* Aim of the exercise *
What's needed is the listing below, repeated word for word with no pictures.

Start of Source material

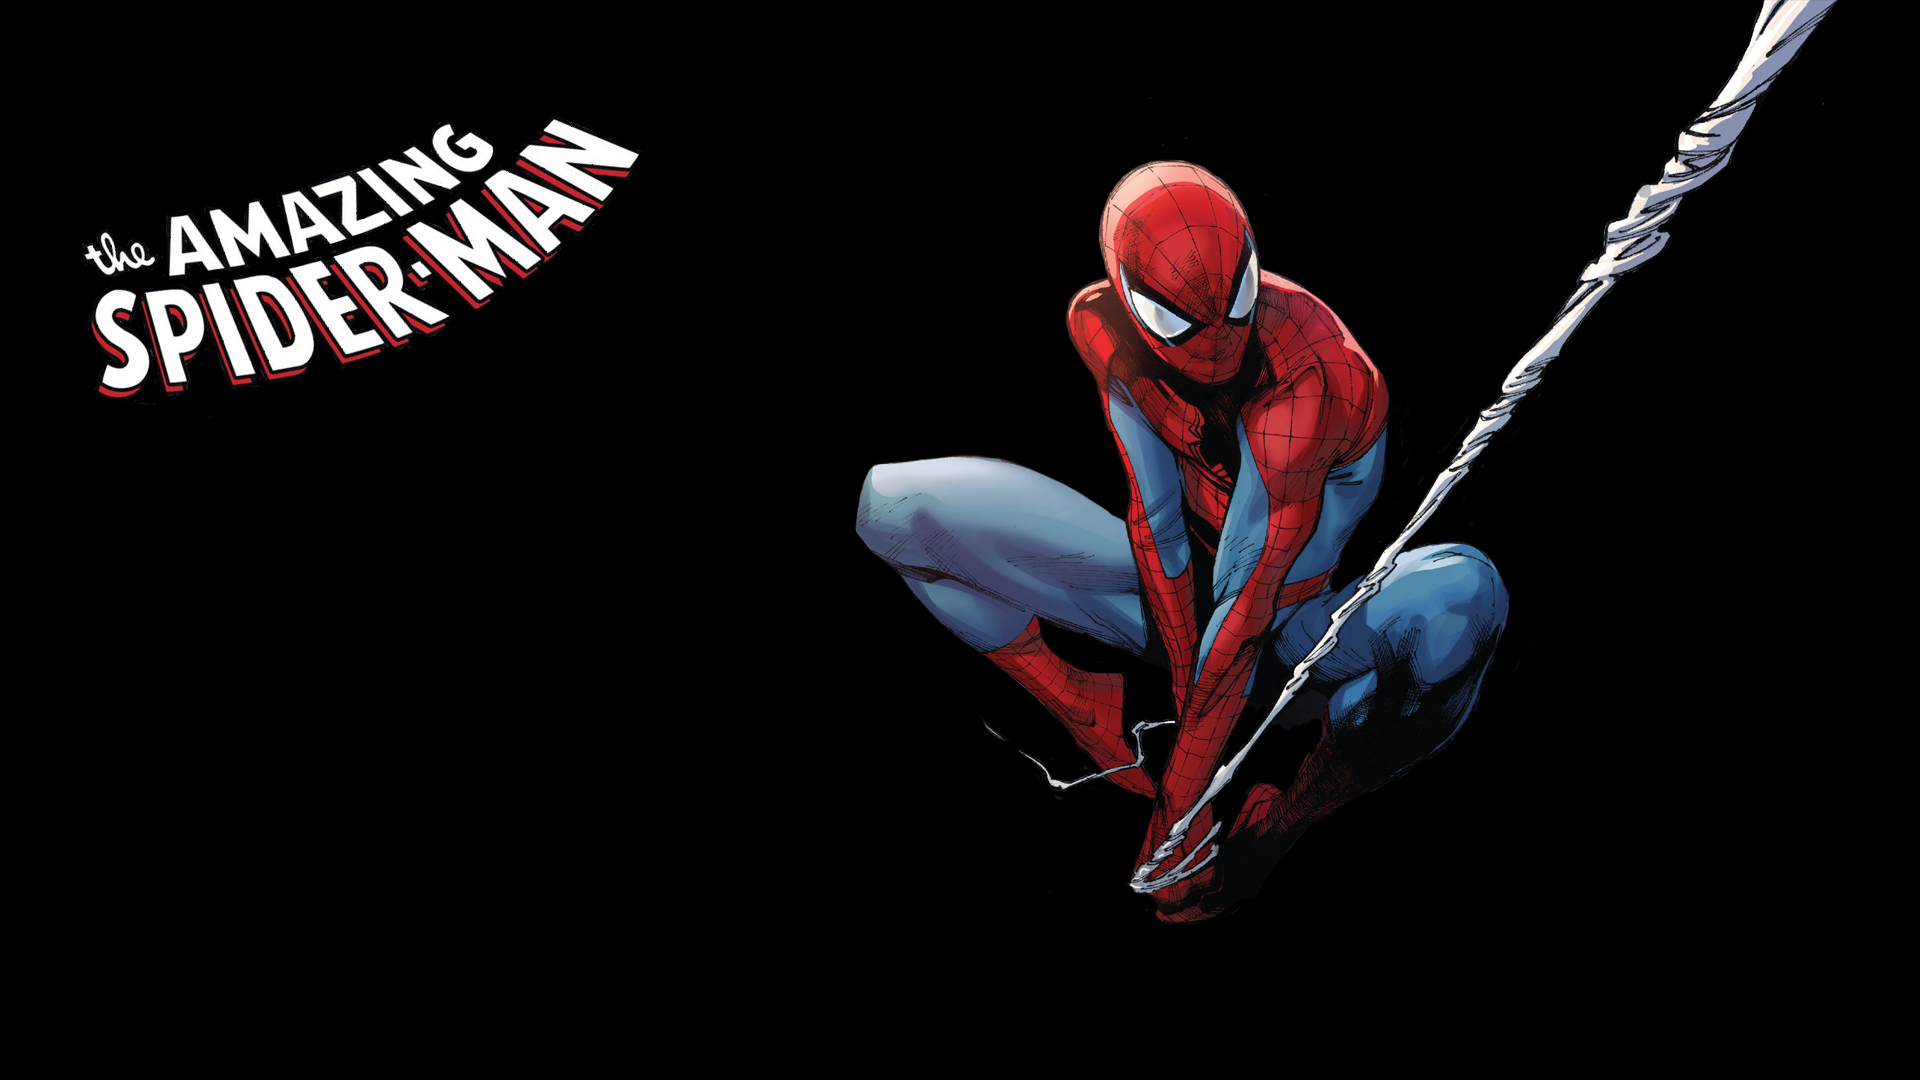 spiderman wallpaper hd,uomo ragno,personaggio fittizio,corpo umano,supereroe,disegno grafico
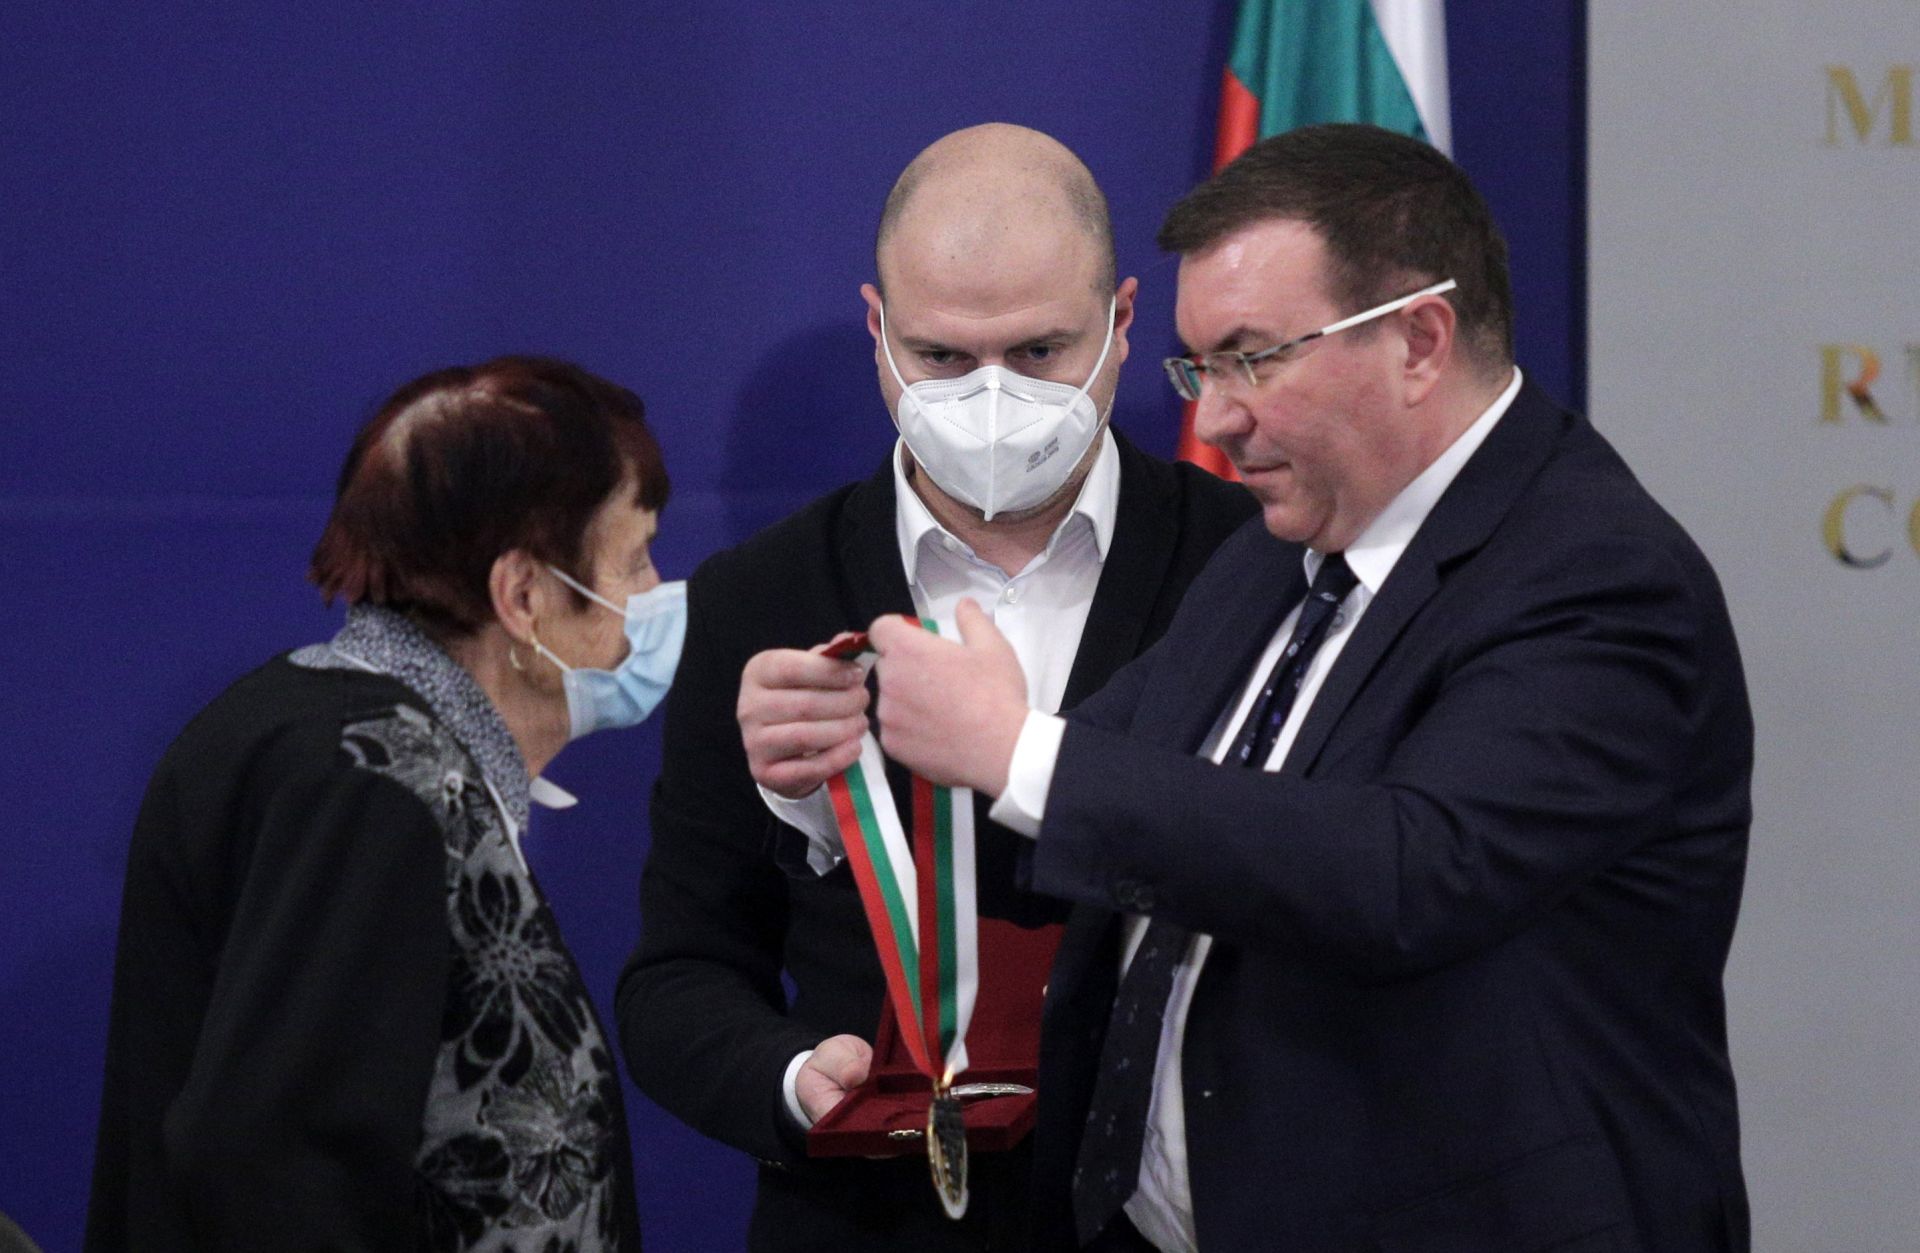 Министър Ангелов връчи почетен знак на най-възрастната работеща медицинска сестра - Ценка Досева на
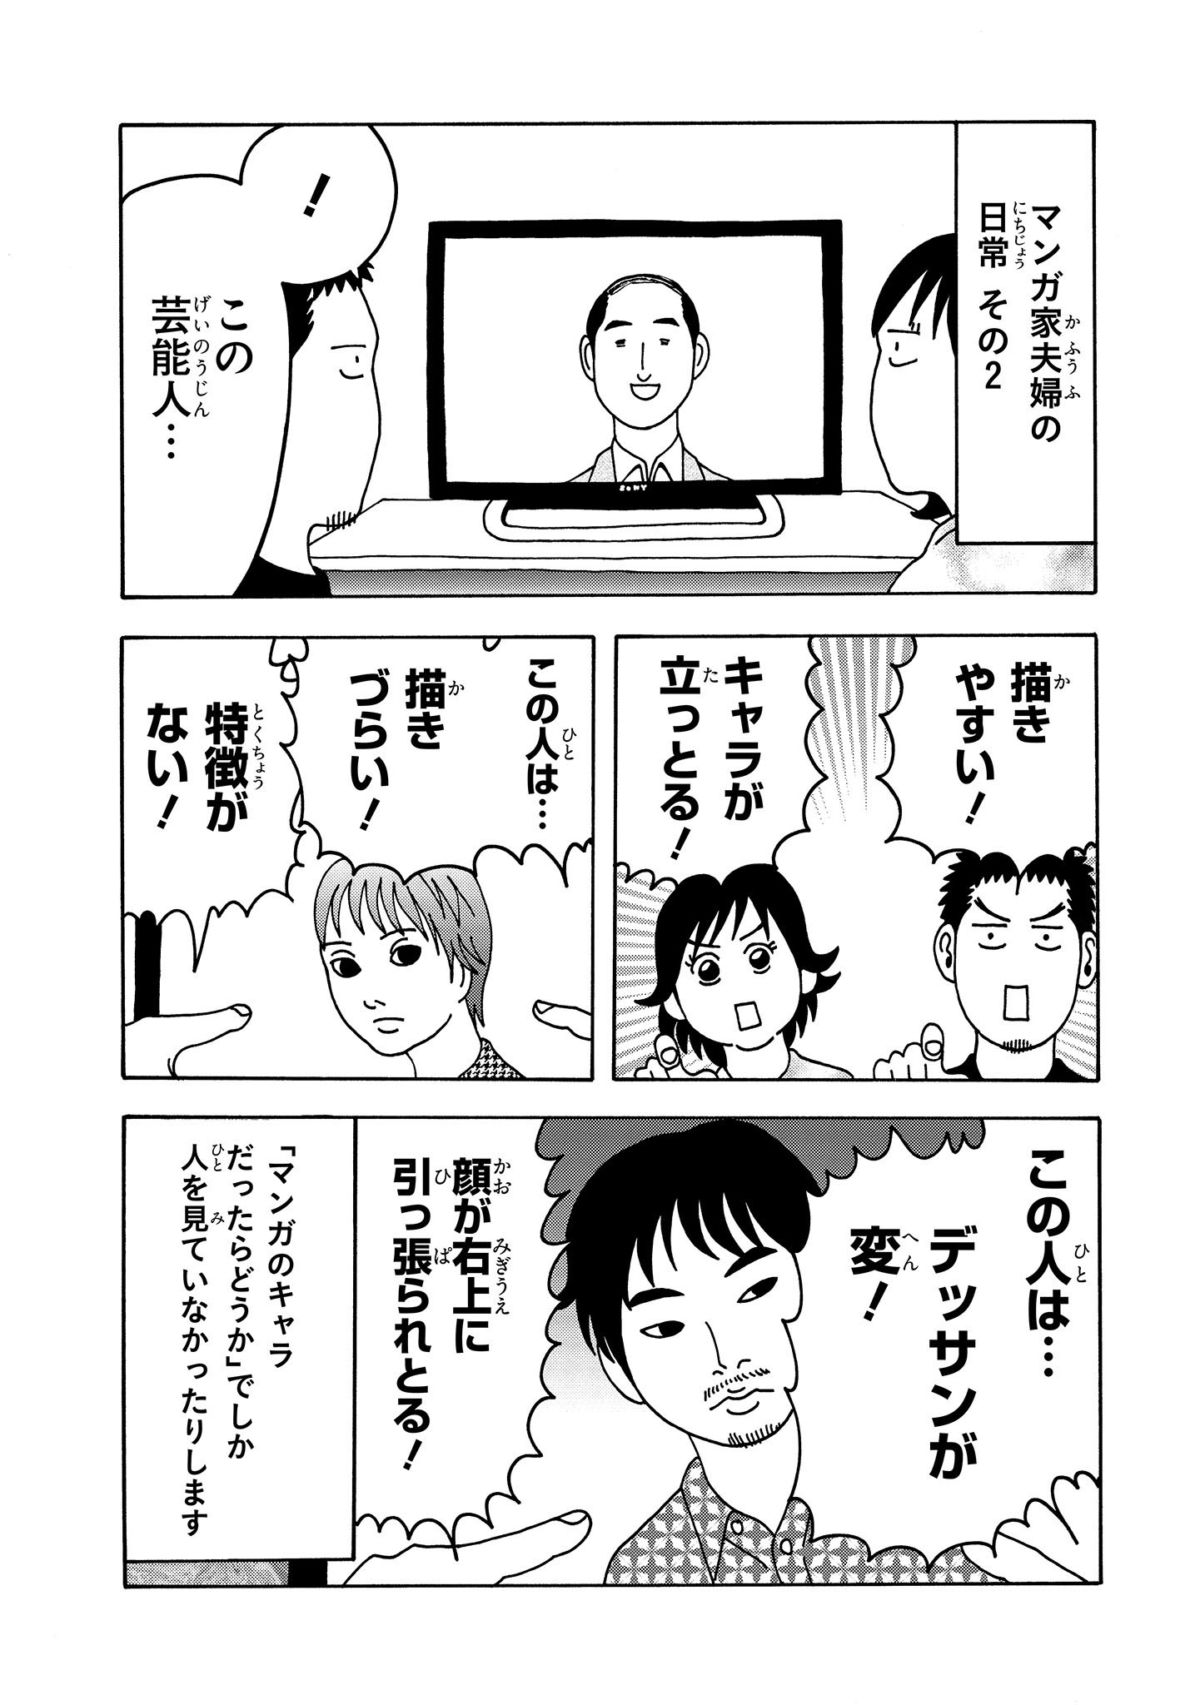 連載 きょうの横山家 第2話 続 漫画家夫婦の日常 ダ ヴィンチニュース

End of Source material

* Exercise solution *
 spiderman wallpaper hd,uomo ragno,personaggio fittizio,corpo umano,supereroe,disegno grafico
 Министър Ангелов връчи почетен знак на най-възрастната работеща медицинска сестра - Ценка Досева на
 連載 きょうの横山家 第2話 続 漫画家夫婦の日常 ダ ヴィンチニュース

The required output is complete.